The son of Franco Zeffirelli has hit out against the two lead actors from the late Italian film director’s 1968 adaptation of Romeo and Juliet, who are suing Paramount Studios for child abuse over a nude scene in the film.
Olivia Hussey and Leonard Whiting, who were 15 and 16, respectively, when the film was made, allege that Zeffirelli made them perform a bedroom scene in the nude after originally saying they would be wearing flesh-coloured body suits.
The director, who died in 2019, allegedly warned them that “the film would fail” if they didn’t perform the scene nude.
On Friday, Pippo Zeffirelli, who is also the president of the Franco Zeffirelli Foundation, said in a statement that the love scene was “far from pornographic”.
“Zeffirelli himself was accused of being reactionary precisely because, over and over again, he spoke out against pornography,” he added. “The nude images in the film express the beauty, the transfer, I would even say the candour of mutual giving and do not contain any morbid feeling.”
Romeo and Juliet was among Zeffirelli’s biggest successes, winning two Oscars. Hussey and Whiting, now in their seventies, each won a Golden Globe for their performances.
In the lawsuit filed in Los Angeles on 30 December, Hussey and Whiting accuse Paramount of sexually exploiting them as young actors and distributing nude scenes of adolescents. They also claim to have suffered “mental anguish and emotional distress” in the years since the film was made and to have lost out on job opportunities. Damages are being sought “believed to be in excess of $500m”.
The actors’ lawyer, Solomon Gresen, told Variety earlier this week that the nude scene was filmed when the pair “were very young naive children in the 1960s who had no understanding of what was about to hit them”.
Zeffirelli said he believed the film’s two producers, John Brabourne and Anthony Havelock-Allan, had consent forms from the actors’ parents.

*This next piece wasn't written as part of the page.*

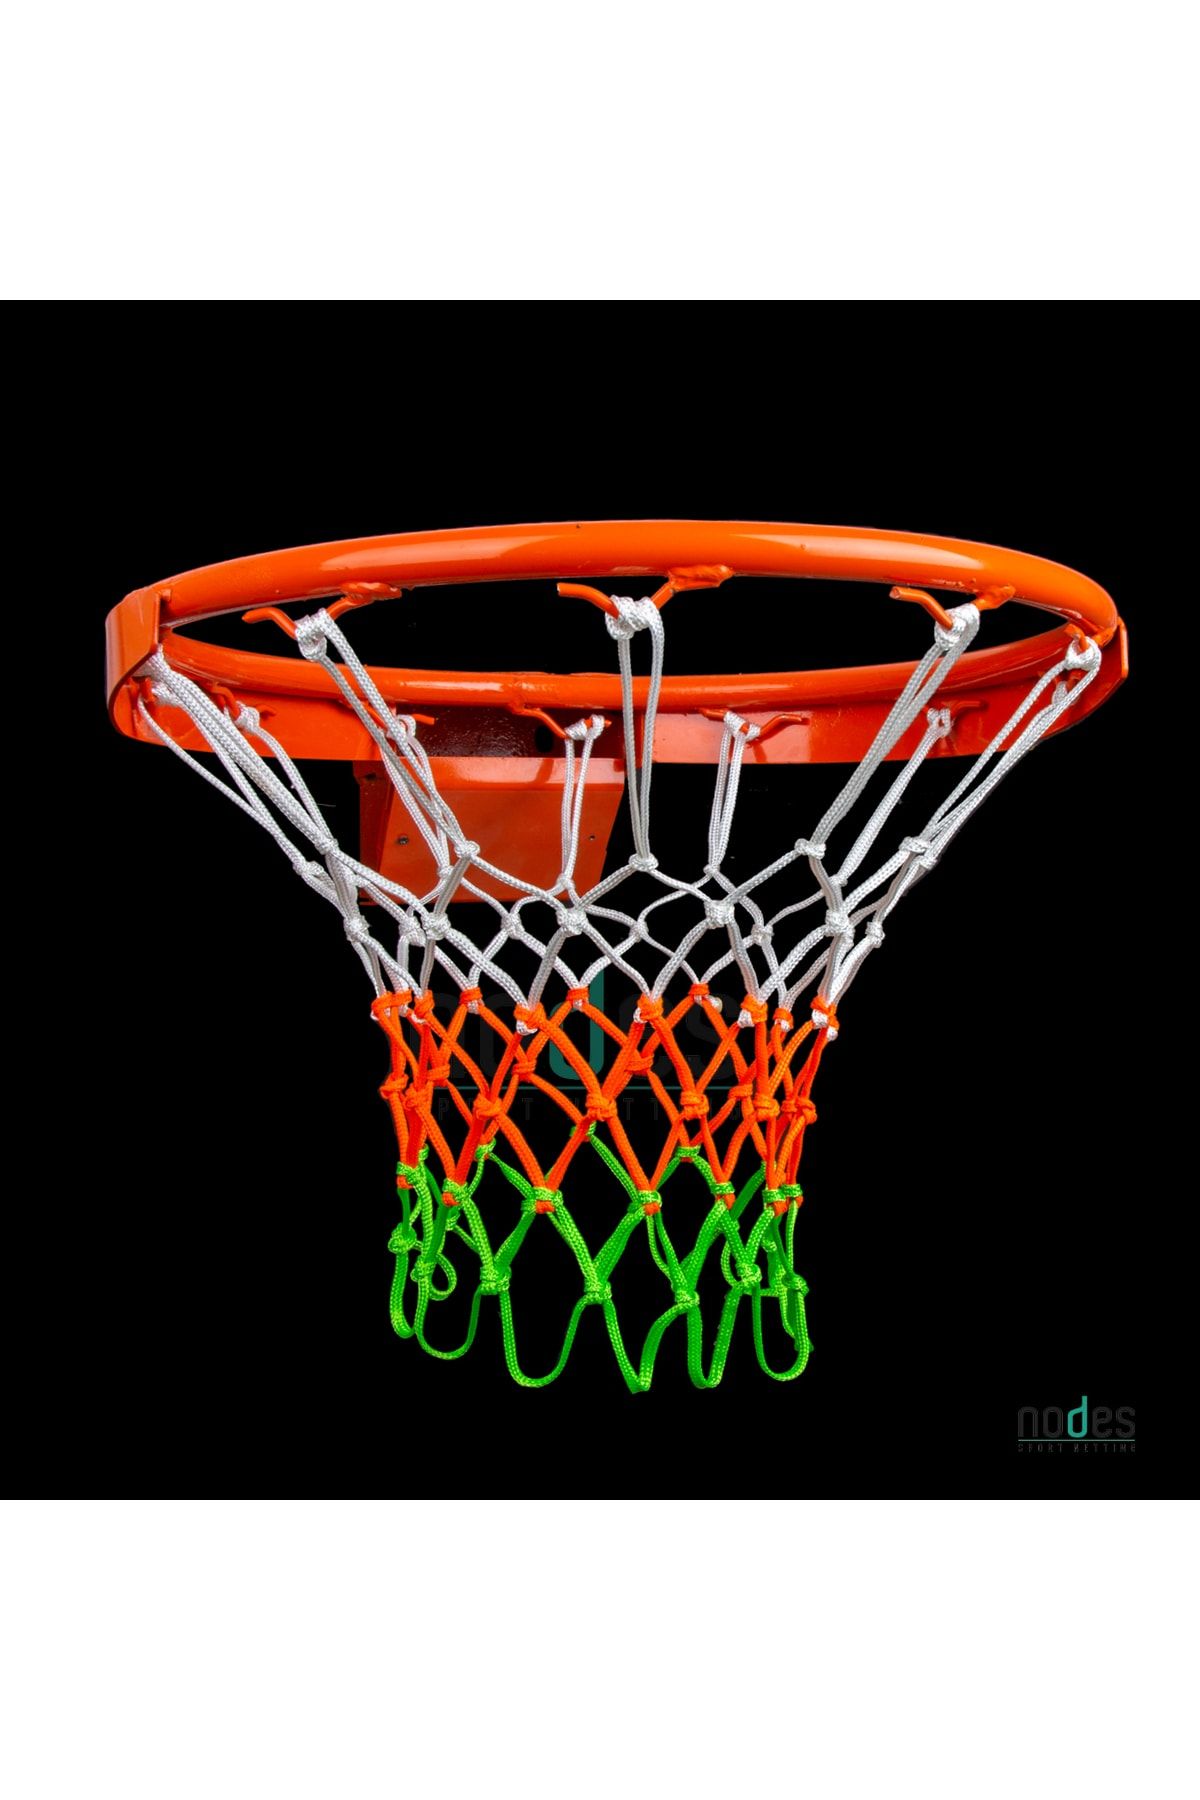 Nodes Basketbol Pota Filesi Ağı - 3 Renk - Profesyonel - 2 Adet

“It is embarrassing to hear that today, 55 years after filming, two elderly actors who owe their notoriety essentially to this film wake up to declare that they have suffered an abuse that has caused them years of anxiety and emotional discomfort,” he added.
“It appears to me that in all these years, they have always maintained a relationship of deep gratitude and friendship towards Zeffirelli, releasing hundreds of interviews about the happy memory of their very fortunate experience, which was crowned with worldwide success.”
Zeffirelli pointed out that Hussey went on to work in Franco Zeffirelli’s miniseries Jesus of Nazareth, and that Whiting attended his funeral.